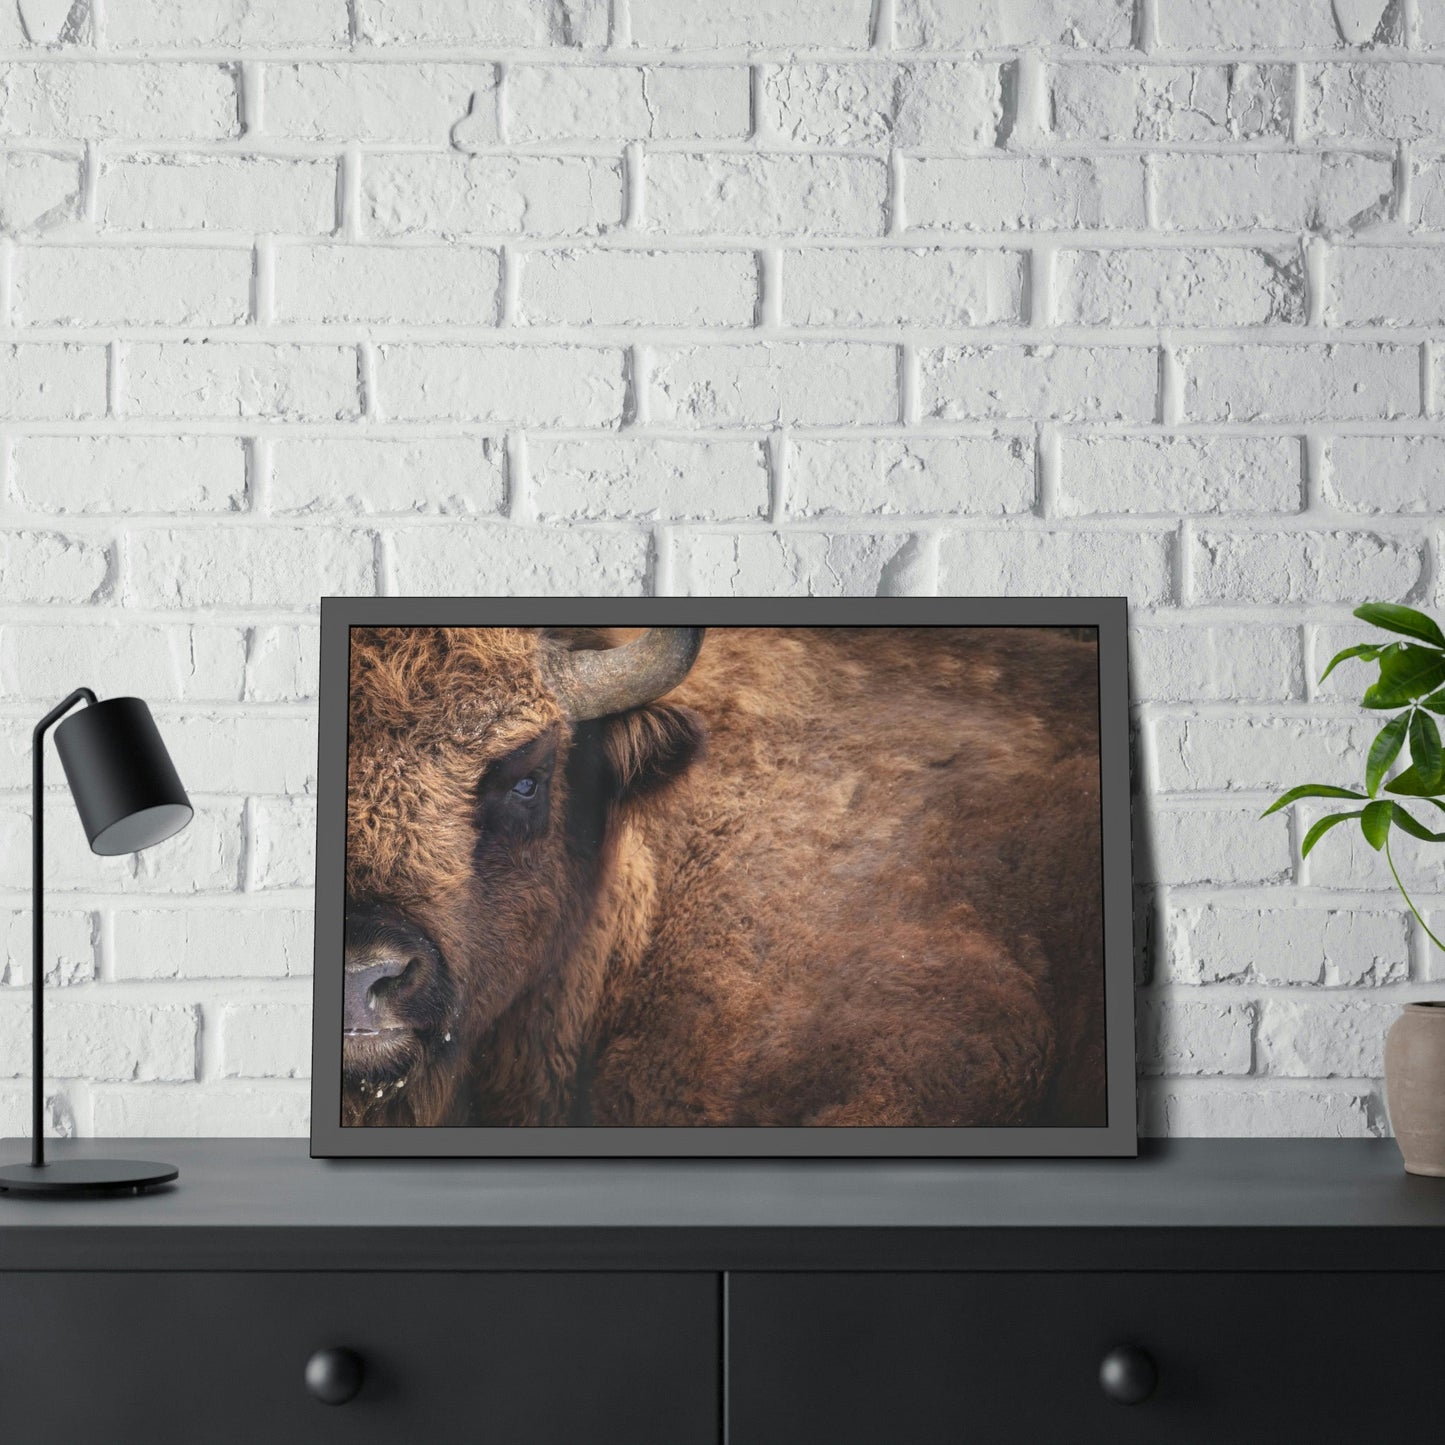 Artistic Bull Illustration: Natural Canvas and Poster Prints
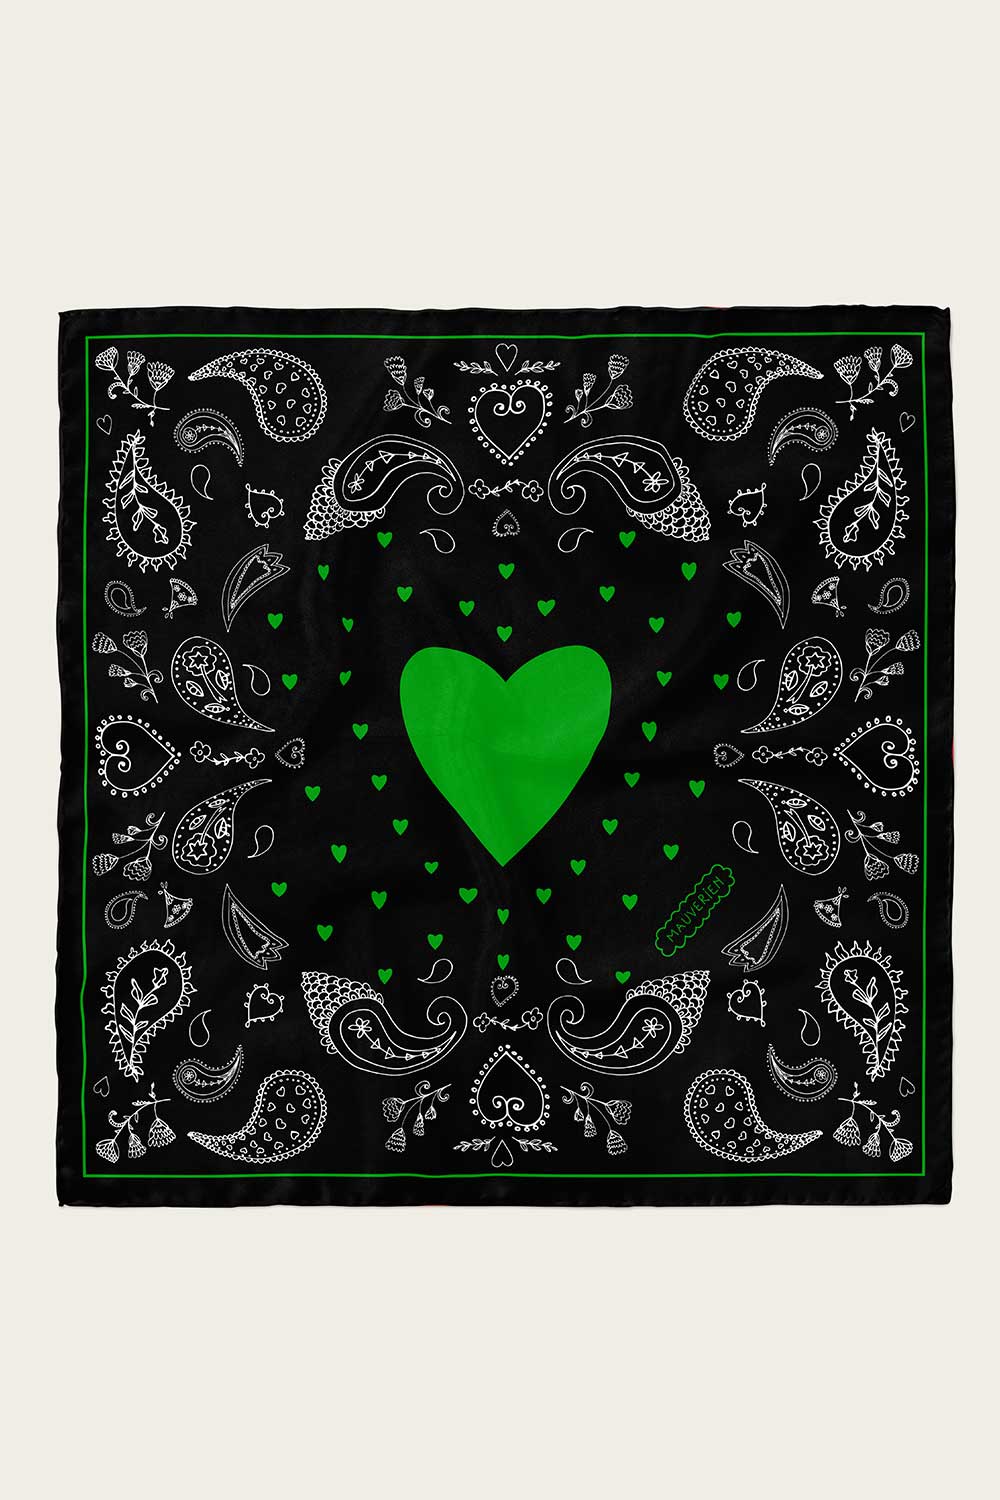 Silk scarf dark love with white and green paisley motif on black background by Mauverien.
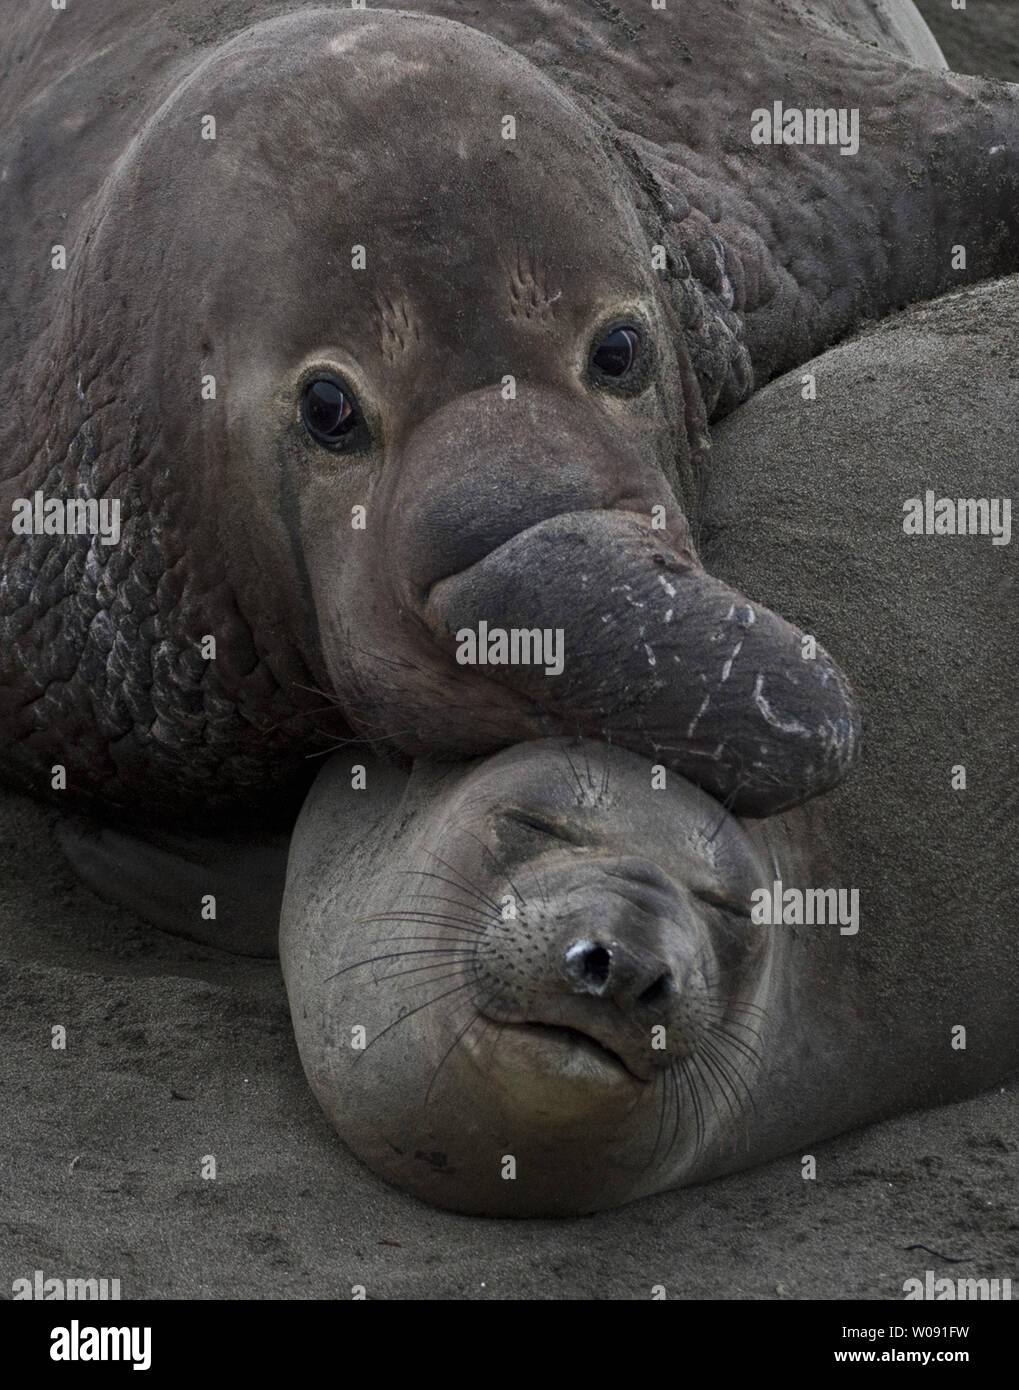 A female northern elephant seal submits as she is mounted by a dominant male on the beach in San Simeon, California on February 19, 2015. The males weigh up to 5,000 pounds and can have scores of females in their harem.   Photo by Terry Schmitt/UPI Stock Photo

Assignment — Keep every word of the data as it is when you write it out, but drop the pictures.

Response to the exercise —
 Artistic Bull Illustration: Natural Canvas and Poster Prints
 Silk scarf dark love with white and green paisley motif on black background by Mauverien.
 A female northern elephant seal submits as she is mounted by a dominant male on the beach in San Simeon, California on February 19, 2015. The males weigh up to 5,000 pounds and can have scores of females in their harem.   Photo by Terry Schmitt/UPI Stock Photo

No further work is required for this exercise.